I have not had the same issues with build machines disappearing into the ether (we use Windows hosts however) but definitely agree that the (lack of) caching is maddening. Our apps are not huge but the NuGet & npm restore times now account for 25-30% of our build time.

3 comments

Yeah, this has been my experience.

I haven't had a build agent disappear, but lack of build caching is very frustrating. The hosted build agents are slow to begin with, let alone needing 5 minutes for every build to restore packages.

AFAIK there's no way to "only run changed tests" too.

EDIT: Forgot to add that, despite the above, I'm pretty happy with it. The whole VSTS experience (Wiki/code/PRs/etc) is pretty great, it's nice to have everything in a single place.

> AFAIK there's no way to "only run changed tests" too.

https://docs.microsoft.com/en-us/azure/devops/pipelines/test...
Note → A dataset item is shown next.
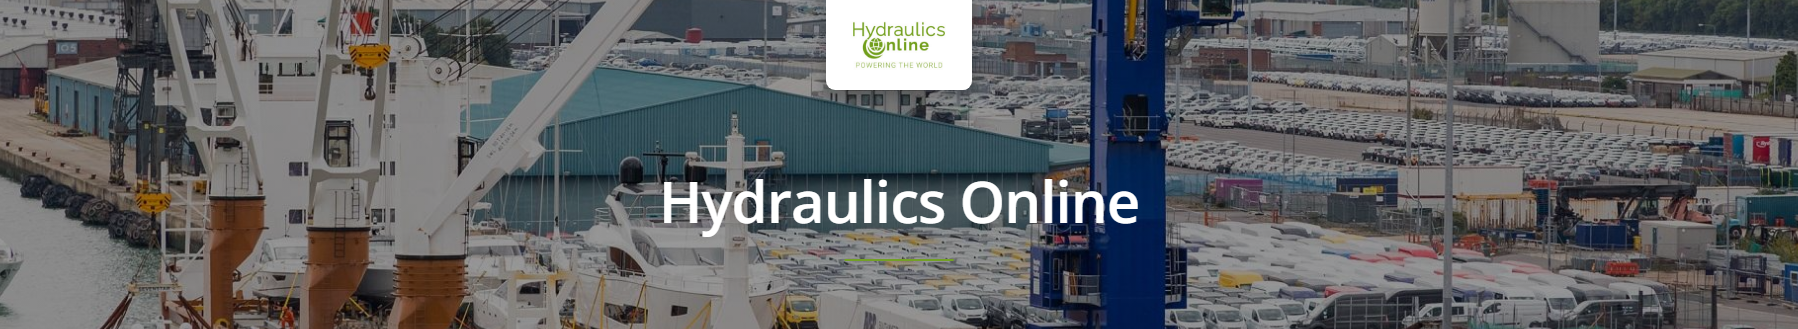 Hydraulics Online Motors

That looks great - must have overlooked that last time I checked.
I exchanged an email with the Product Manager of some Azure DevOps component that comprises the build pipelines. They’re well aware of the need for caching. Hopefully it comes soon!
Unfortunately, they've been aware of this problem for years - I'm an Azure DevOps fan, but I really just don't understand why they didn't fix this an age ago :/
Thanks for the kind words; I agree that caching is a problem. We're working on it now.
Any idea on when it will land?

I'm on a team at building a C++ component and just installing boost can take over 20 minutes for a build.